その様子を砂浜にたどり着いたハナちゃんだけが見送っていた。事件の真相を知っているのは、ハナちゃんだけだった。
「入れ替わり殺人劇」
- 完 -
『終わりに』
エンドロールが流れ終わり、幕が下りると大きな拍手が劇場に鳴り響いた。「入れ替わり殺人劇」の試写会が終わったのだ。
「仲代ユカ役を演じさせていただきました。ミステリー物に出演させていただくのは初めてだったのですが、みなさんに支えられて楽しく撮影できました」
「わんっ!」
ハナちゃん役の華子が忘れないでねと言わんばかりに声を上げる。
「うん、ハナちゃんもありがとうね」
映画の中でも、映画を離れても仲良しのようで、雑誌記者や評論家達の顔もほころぶ。
「監督、試写会を終えて、みなさんの反応を見てどうですか?」
「手応えはありましたか?」
「先に一人で宮来新島に行って、数日間島を見て回ったかいはありましたか?」
矢継ぎ早に「入れ替わり殺人劇」を撮った映画監督に質問が投げかけられる。
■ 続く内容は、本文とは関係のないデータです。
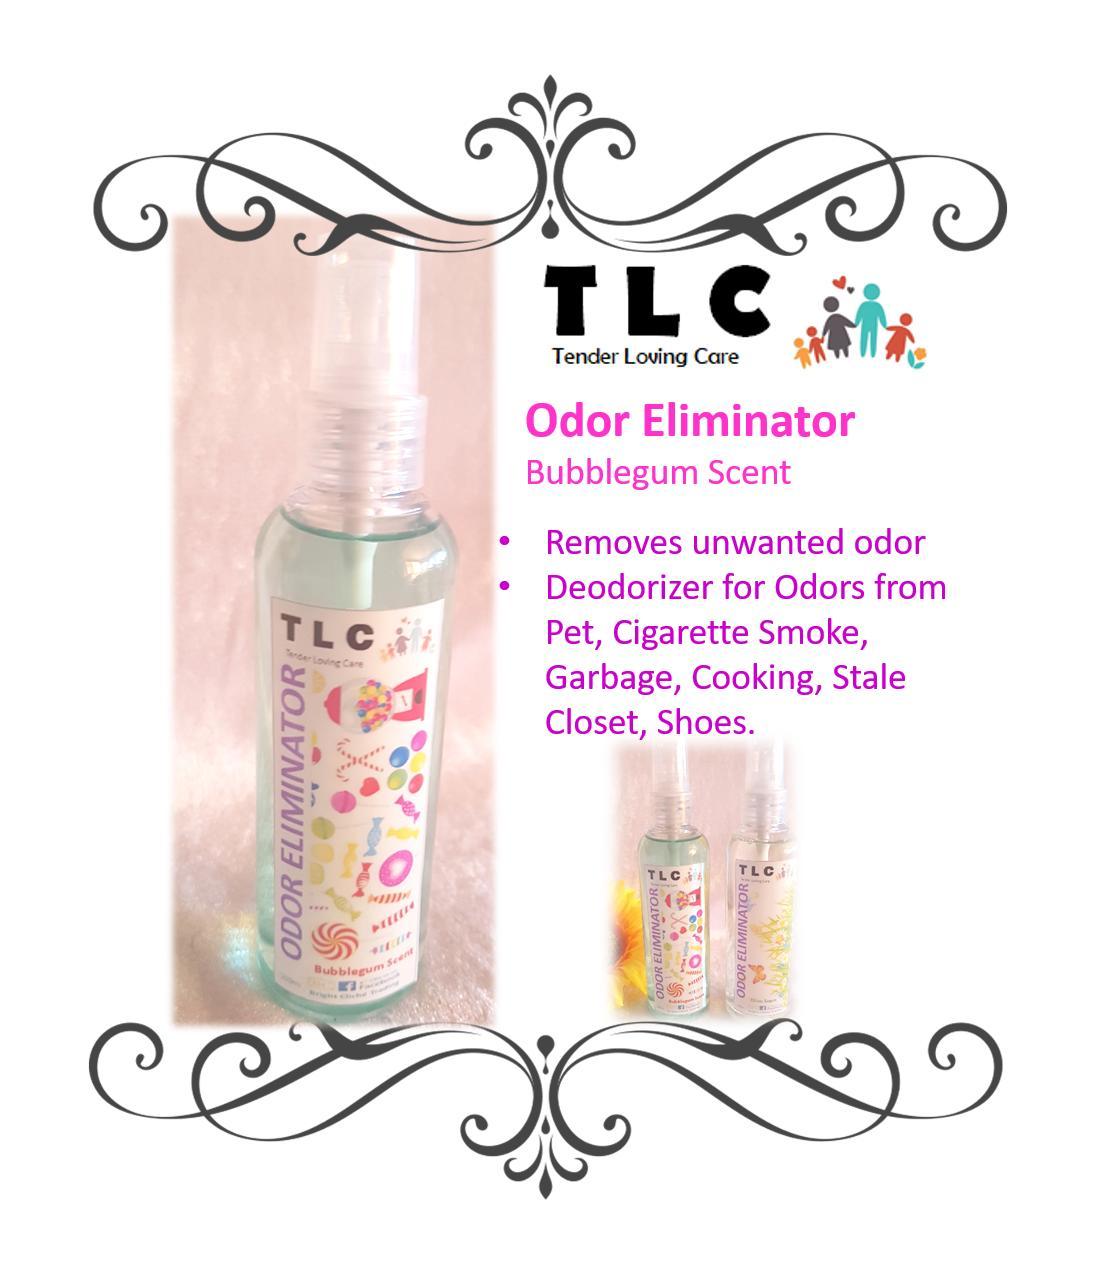 Odor Eliminator With Disinfectant - Bubblegum Scent 100ml By Bright Cliche.

だが、彼の口から出てくるのは、
「えぇ」「まぁ」「そうですね」
と言ったつれない返事ばかり。
「撮る前は饒舌な人だったのにね」
「出来映えが気に入らなかったのだろうか」
「体調が悪いのかな」
監督の対応に疑問を持ちつつも、実績があるために目立った批判は聞こえない。
そんな様子を見て仲代ユカを演じた彼女はつぶやいた。